• _Task item_
Without the pictures, write the listing below out again, line for line.

• _Recorded data_
********

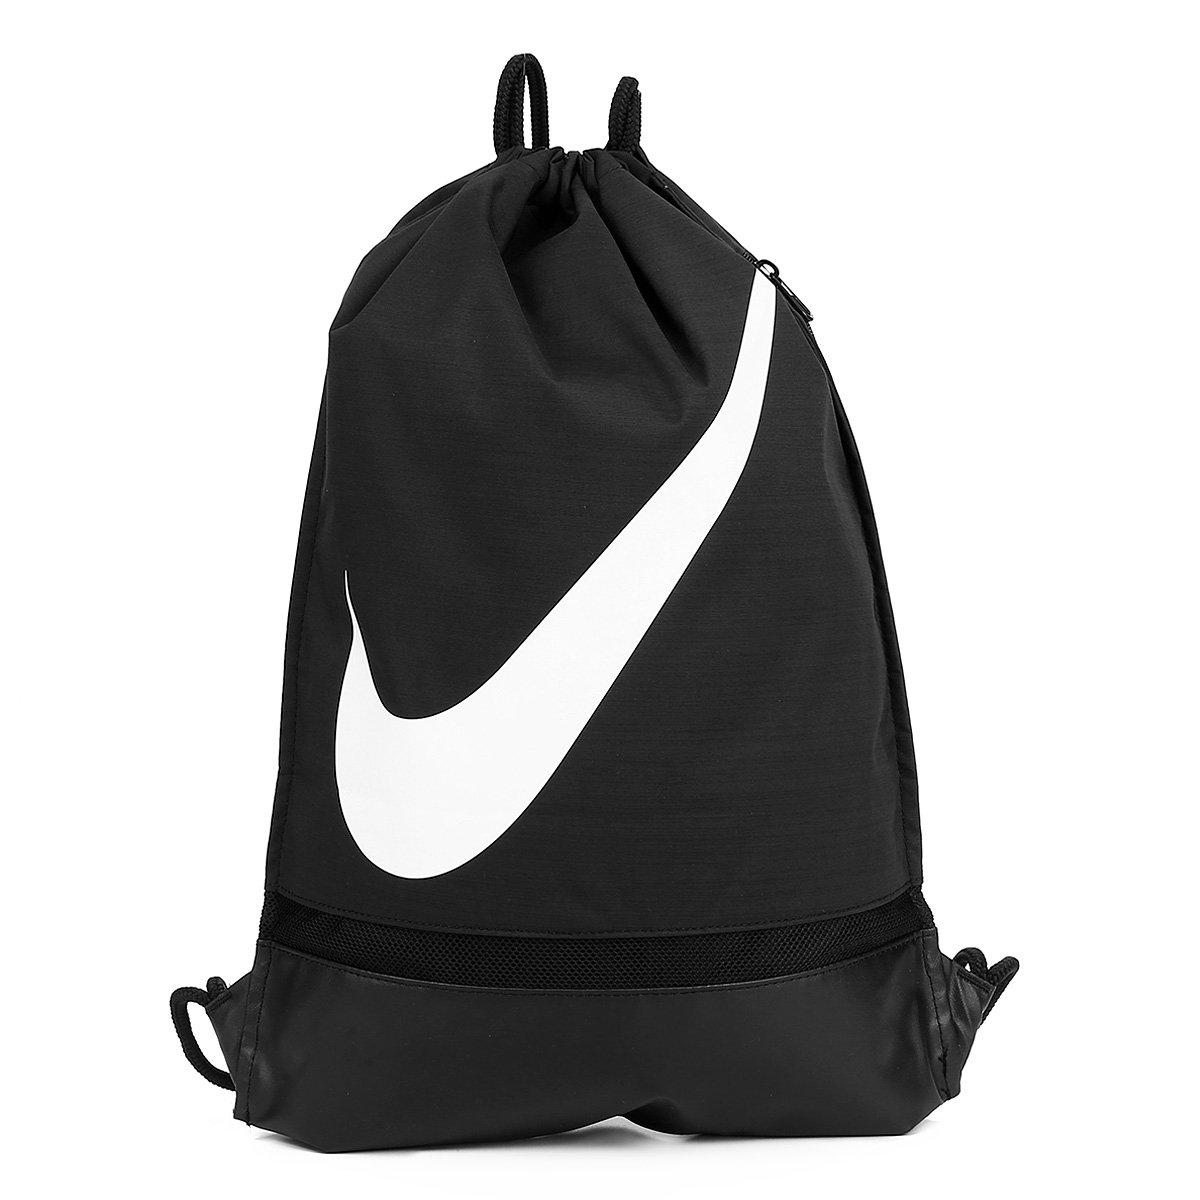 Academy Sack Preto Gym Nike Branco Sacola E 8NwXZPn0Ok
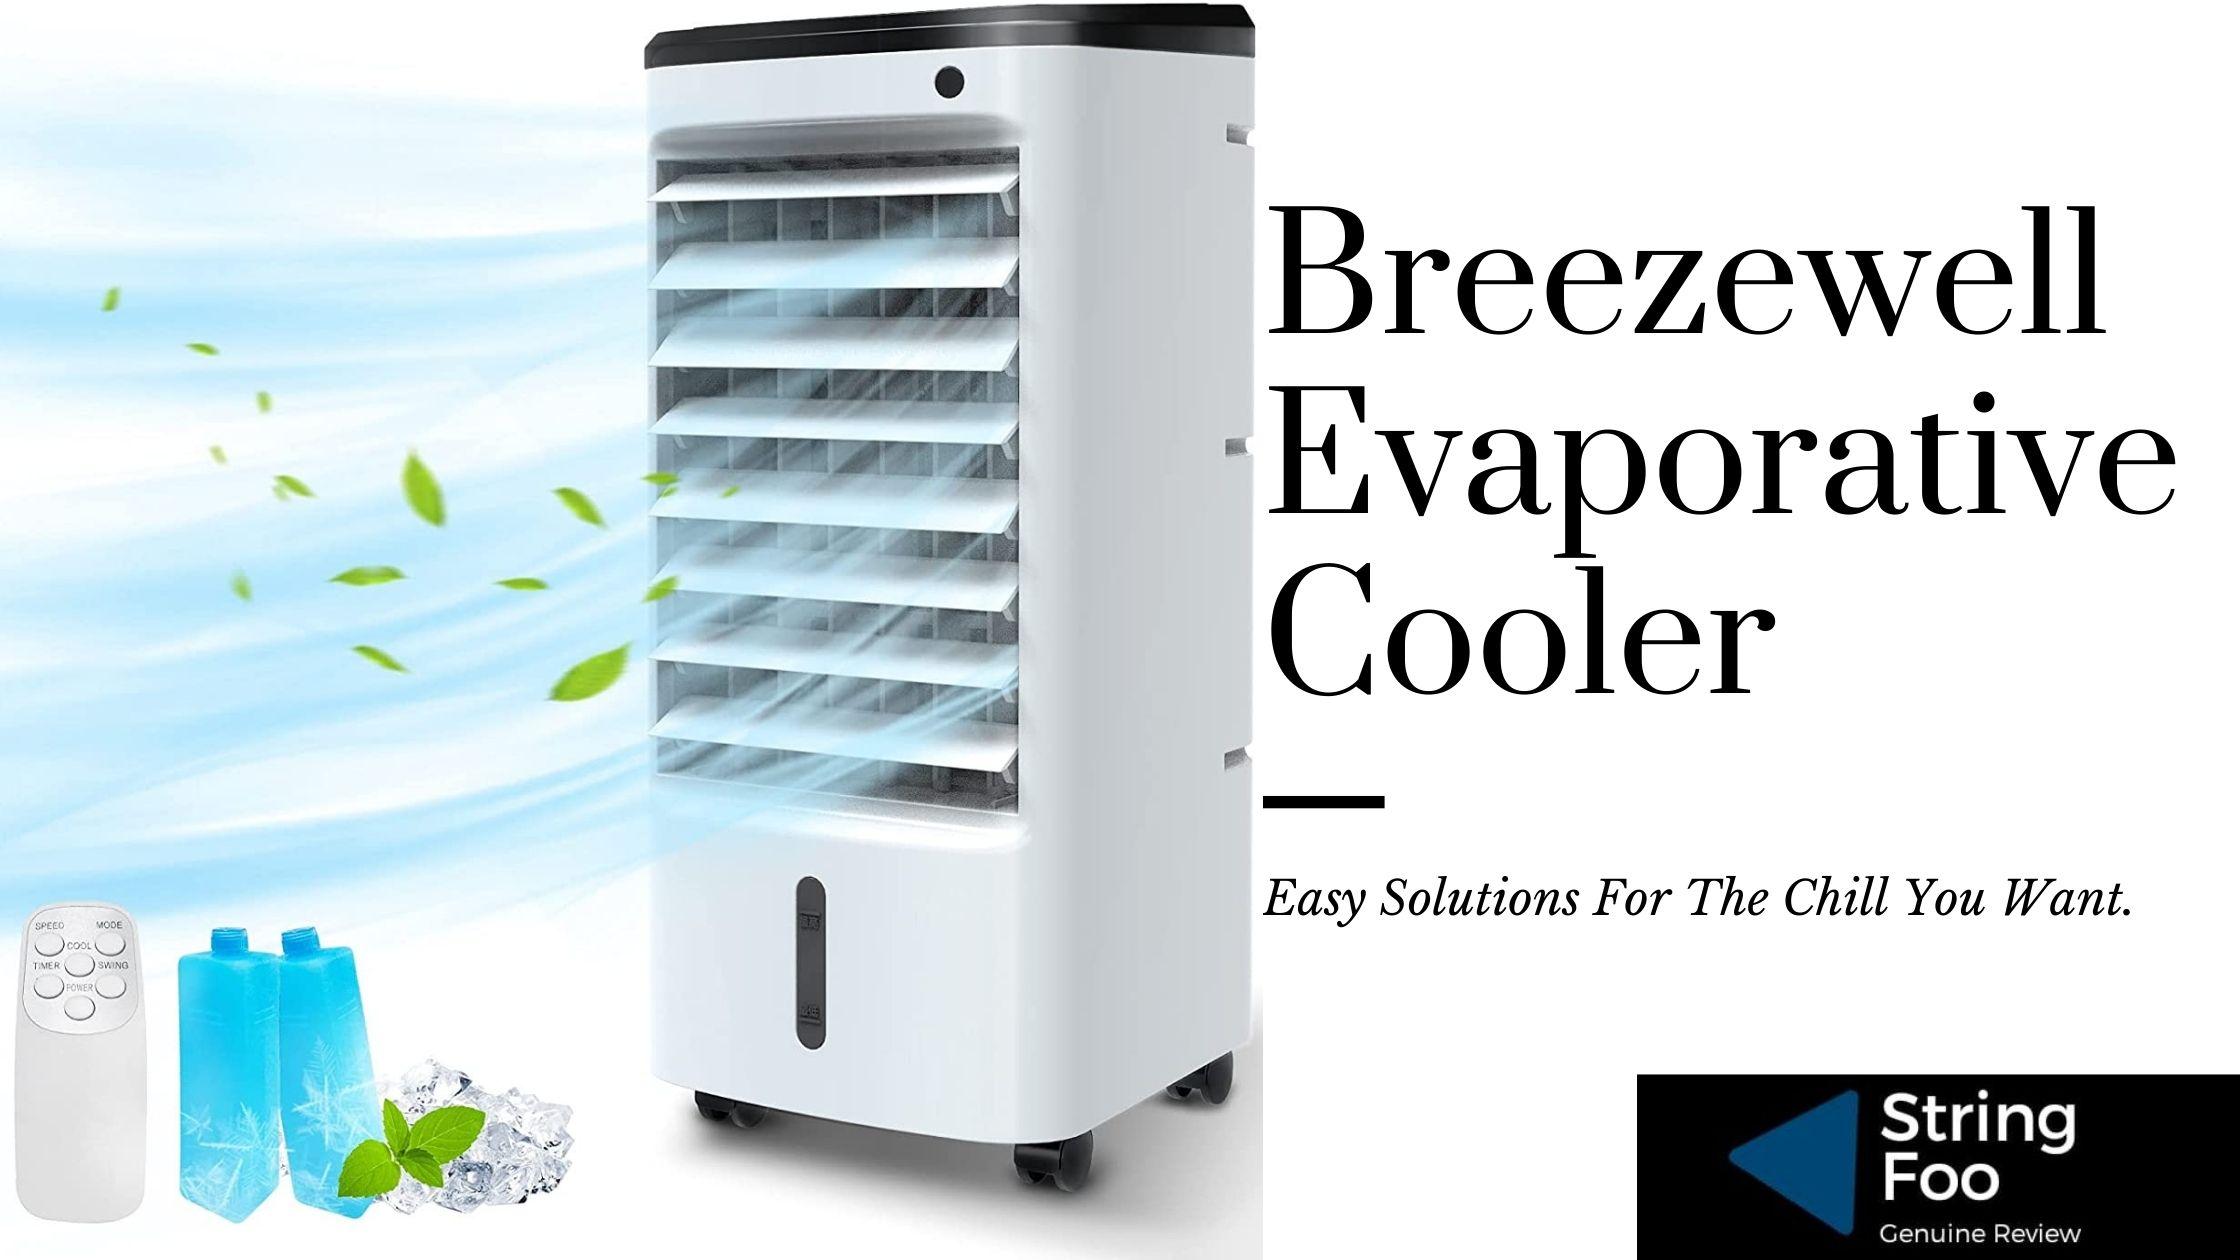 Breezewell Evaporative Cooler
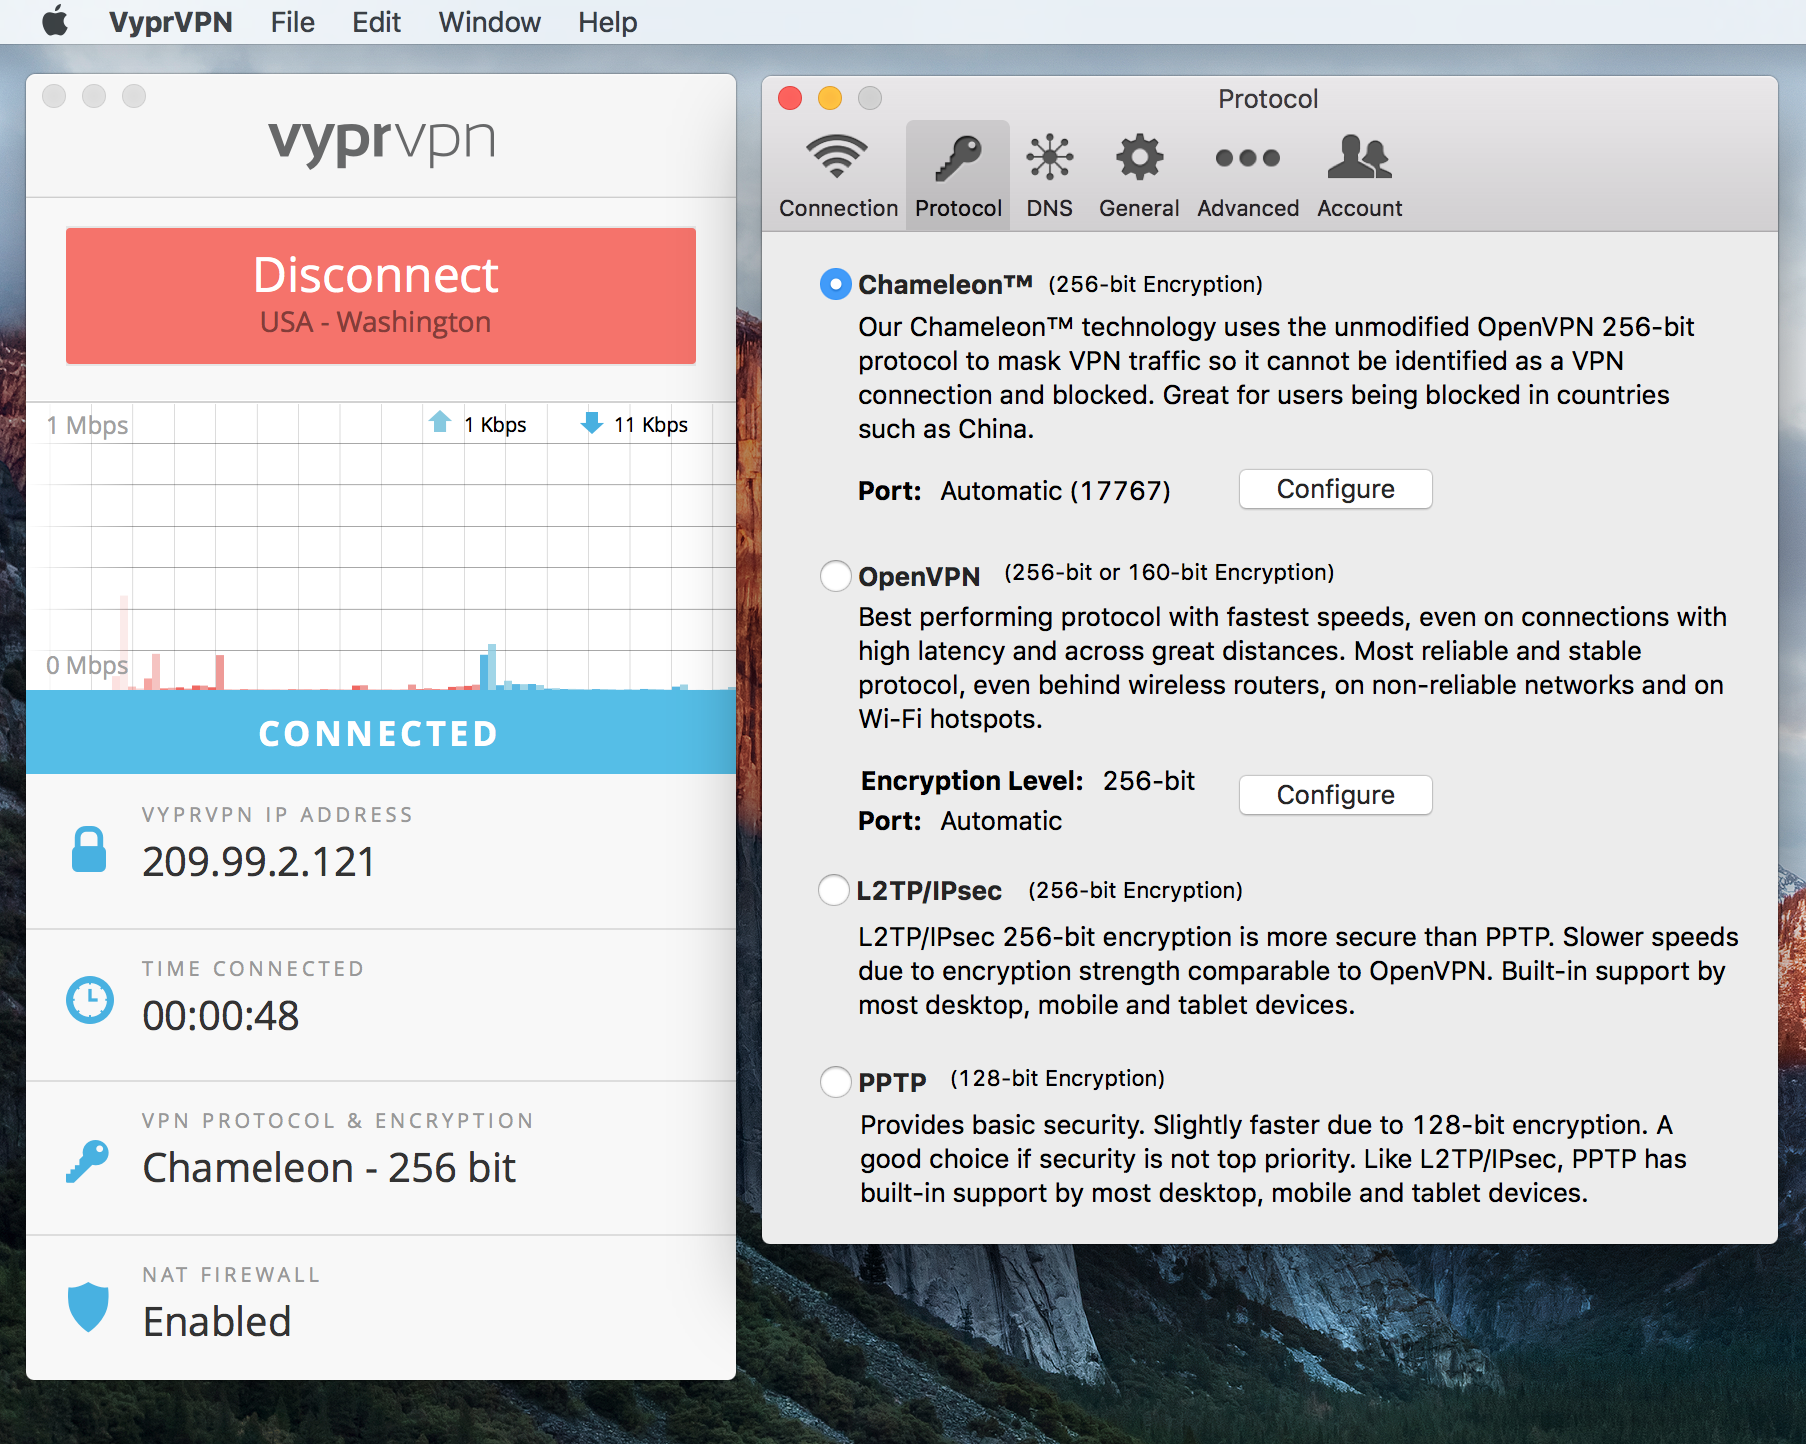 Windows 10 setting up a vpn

********

• _Answer box_
 Academy Sack Preto Gym Nike Branco Sacola E 8NwXZPn0Ok
 Breezewell Evaporative Cooler
 Windows 10 setting up a vpn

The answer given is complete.